Dirk Jenter is a Professor of Finance at London School of Economics and Political Science, Egor Matveyev is a Senior Lecturer and Research Scientist in Finance at Massachusetts Institute of Technology, and Lukas Roth is an Associate Professor of Finance at University of Alberta. This post is based on their recent paper.

How important are individual CEOs for firm performance and value? CEOs are not randomly allocated to firms – e.g., better firms are likely to attract better CEOs – and their turnover is likely to be correlated with other changes that affect productivity. This makes it difficult to assess whether variation in performance is due to differences in leadership.

To make progress on this question, our paper “Good and Bad CEOs” analyzes changes in firm value, performance, and behavior caused by deaths of incumbent CEOs. This allows us to measure the contribution of the deceased CEO relative to that of their successor. Unlike other CEO turnovers, most CEO deaths are randomly allocated to firms and are not a decision made by the board of directors. Hence, any effects of CEO deaths on firms should be due to scarce CEO talent, changes in the division of value between shareholders and CEOs, or frictions in the matching of CEOs to firms.

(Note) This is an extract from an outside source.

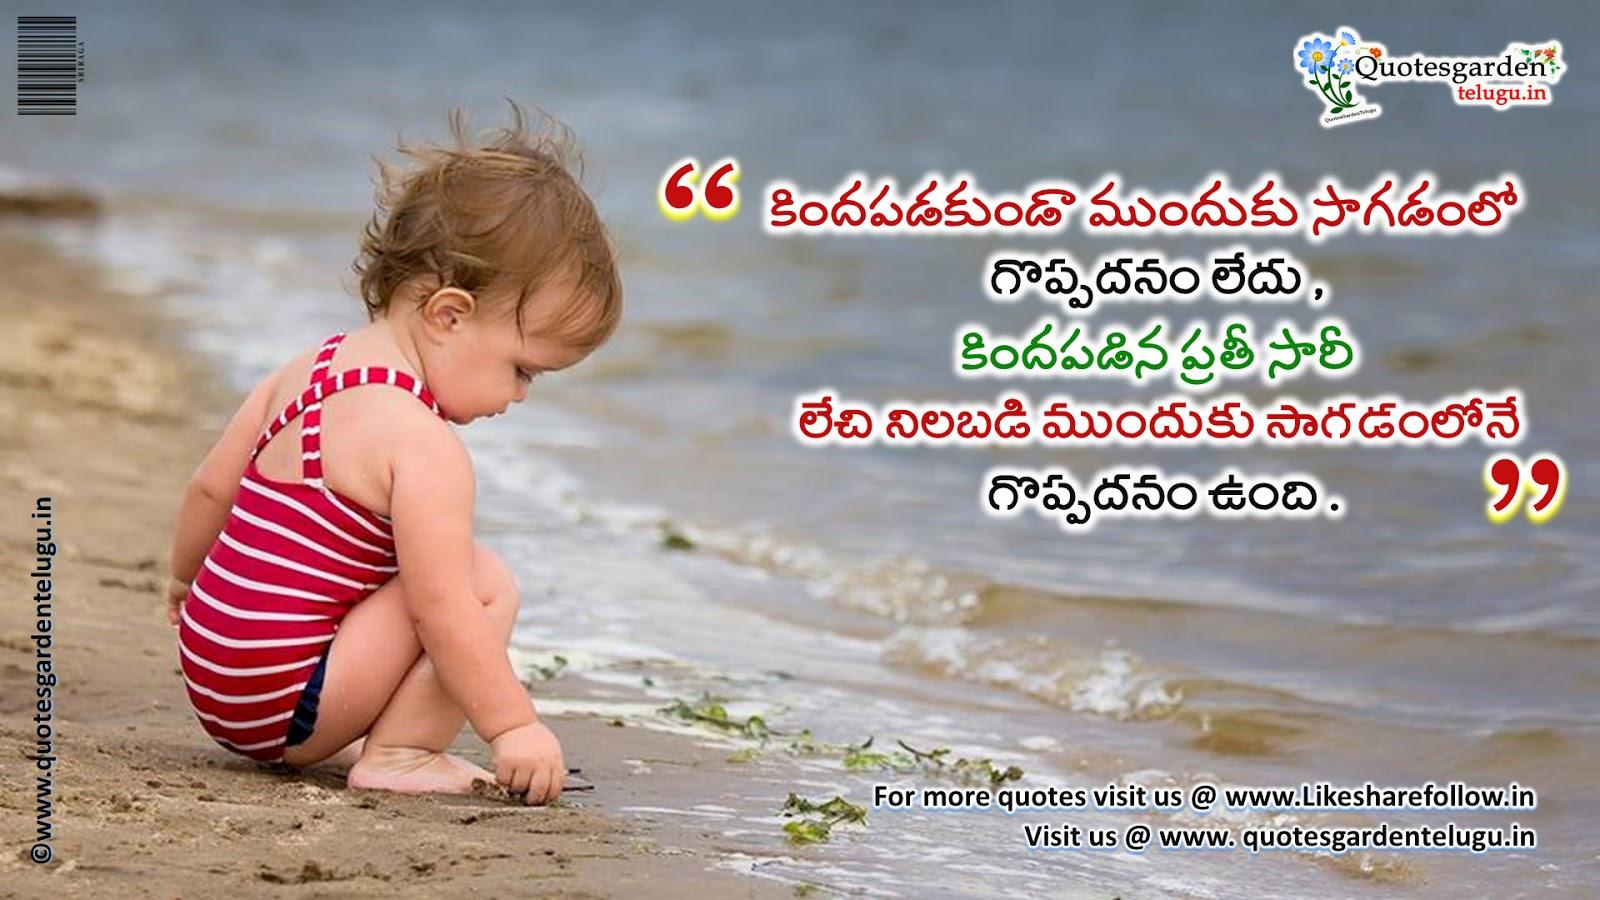 Telugu Inspirational Quotations Quotes Garden Telugu Telugu

Analyzing 449 CEO deaths in publicly traded US firms between 1980 and 2012, we find striking heterogeneity in the shareholder value effects of CEO deaths. While the average stock price reaction to CEO deaths is small, we document large negative reactions to many deaths and large positive ones to many others. In 10% of cases, stock prices drop by at least 13% in the four days around announcements, while in another 10% of cases, stock prices rise by at least 11%.